Input data Block Start

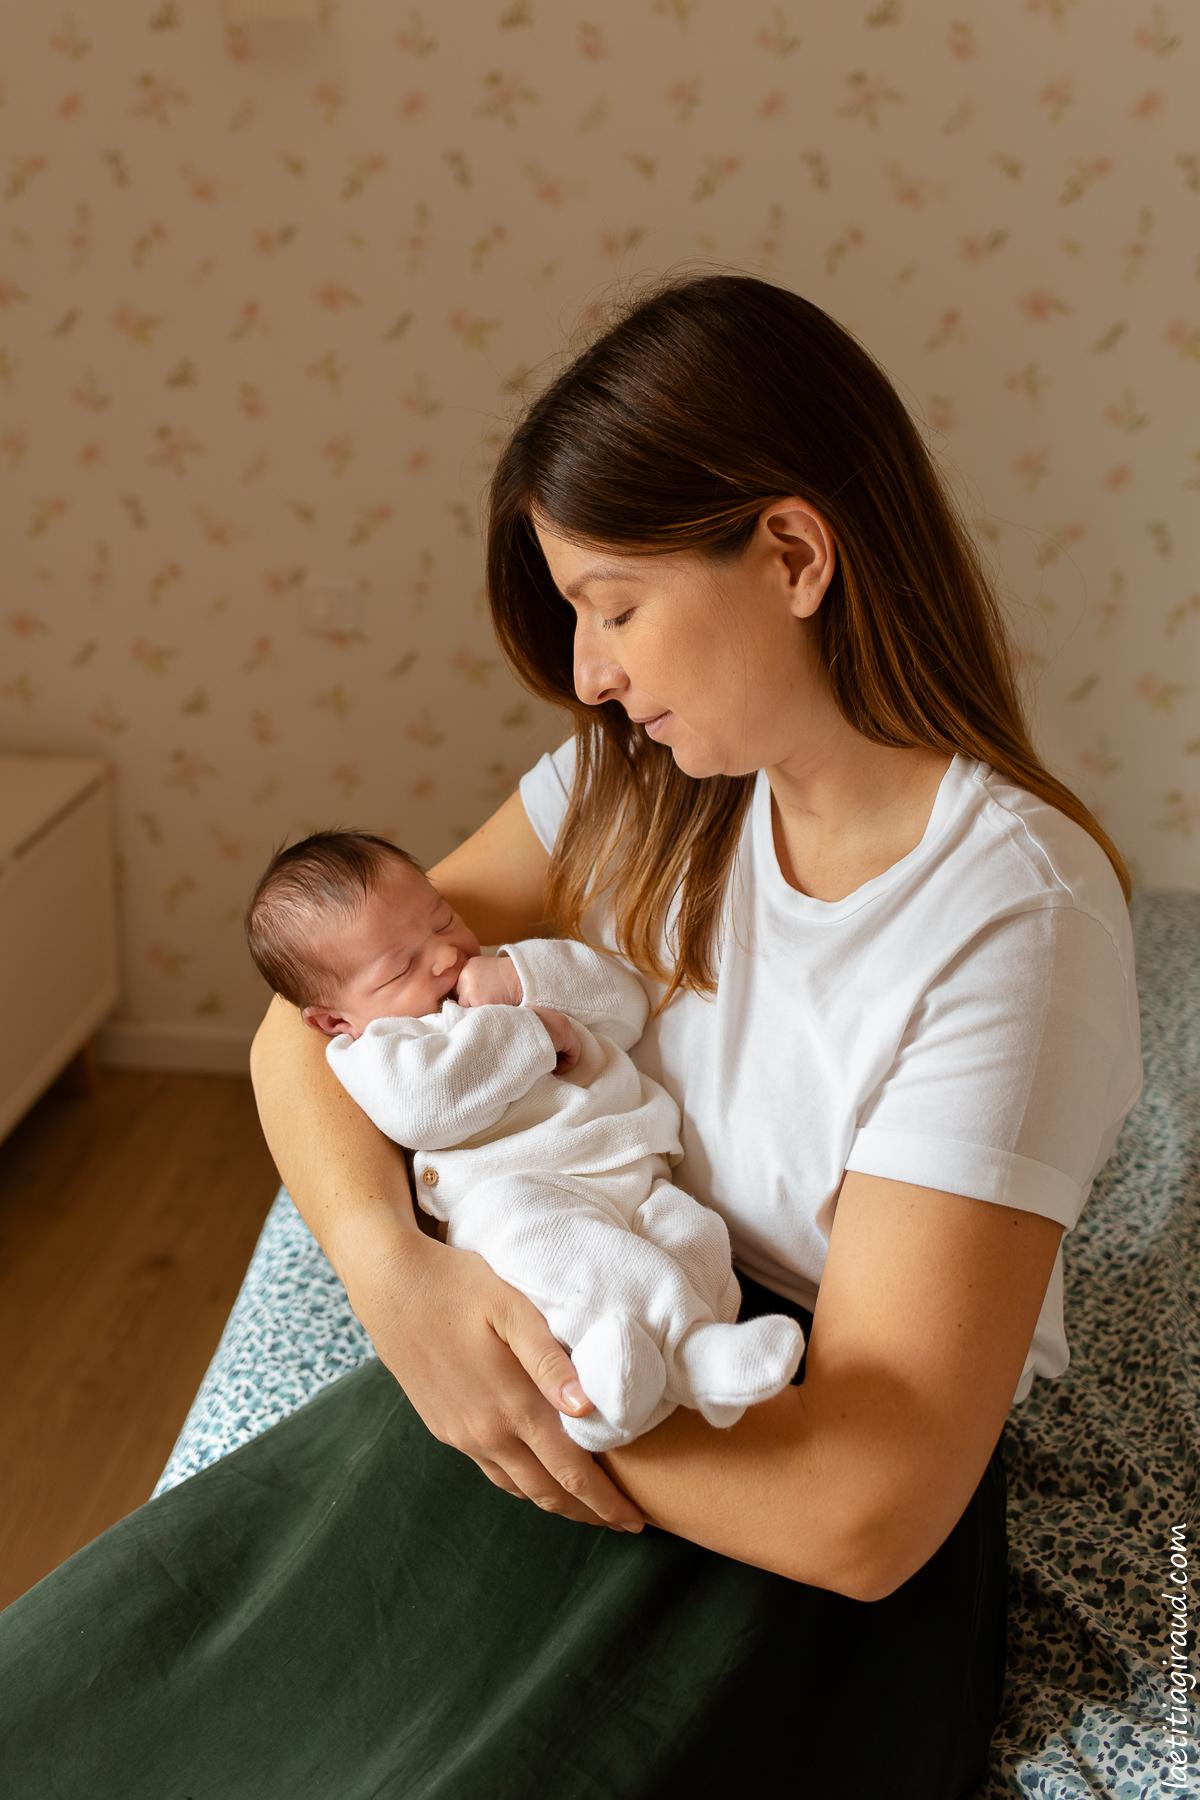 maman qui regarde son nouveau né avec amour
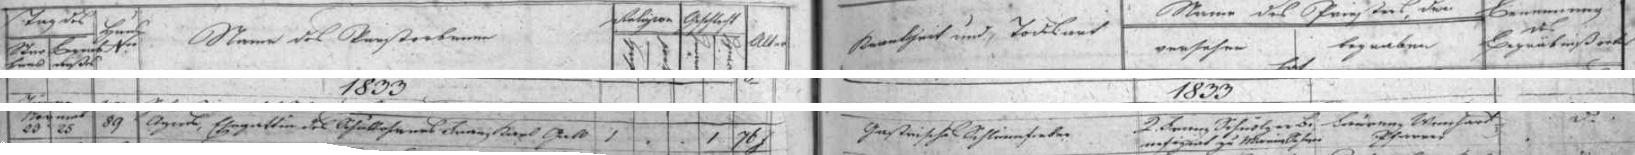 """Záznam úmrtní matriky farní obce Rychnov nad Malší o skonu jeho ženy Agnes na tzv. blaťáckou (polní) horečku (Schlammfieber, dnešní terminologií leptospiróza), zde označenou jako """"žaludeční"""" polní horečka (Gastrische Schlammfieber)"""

Input data Block End
Input data Block Start

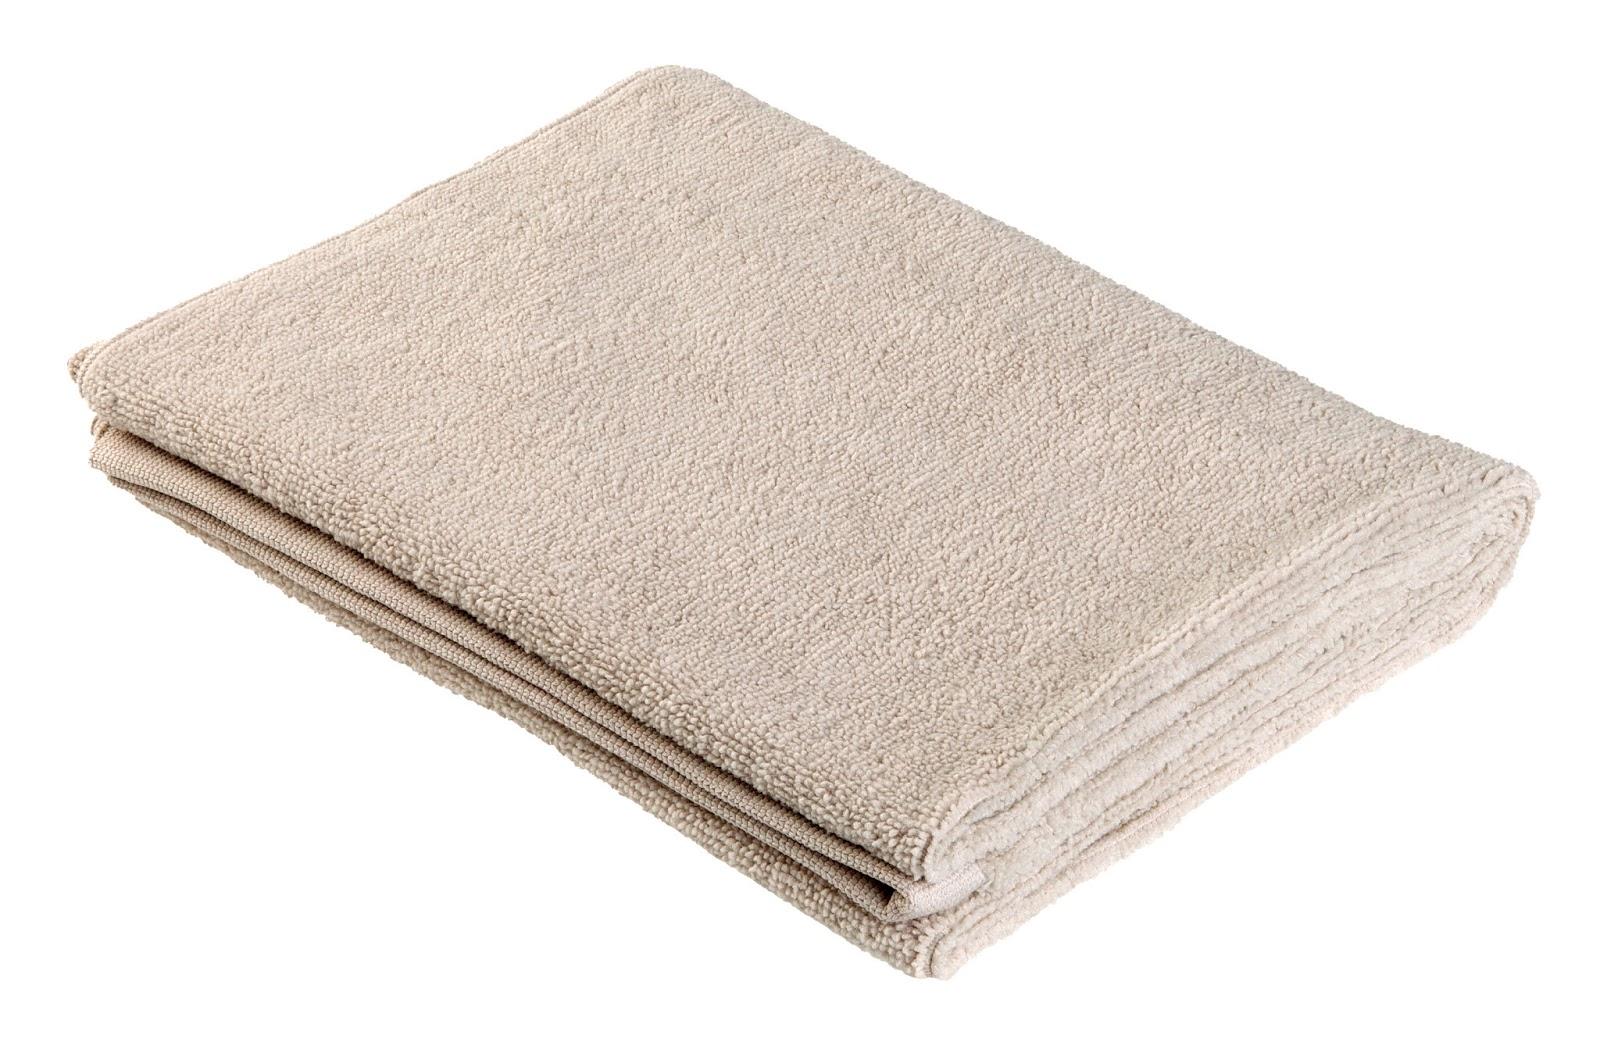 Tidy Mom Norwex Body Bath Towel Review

Input data Block End

- _What is needed_
Of the lines above, quote exactly those from the one with "maman qui regarde son nouveau né avec amour" through the one with "úmrtní matriky farní", ends included; pictures stay out.

- _Written solution_
 maman qui regarde son nouveau né avec amour
 """Záznam úmrtní matriky farní obce Rychnov nad Malší o skonu jeho ženy Agnes na tzv. blaťáckou (polní) horečku (Schlammfieber, dnešní terminologií leptospiróza), zde označenou jako """"žaludeční"""" polní horečka (Gastrische Schlammfieber)"""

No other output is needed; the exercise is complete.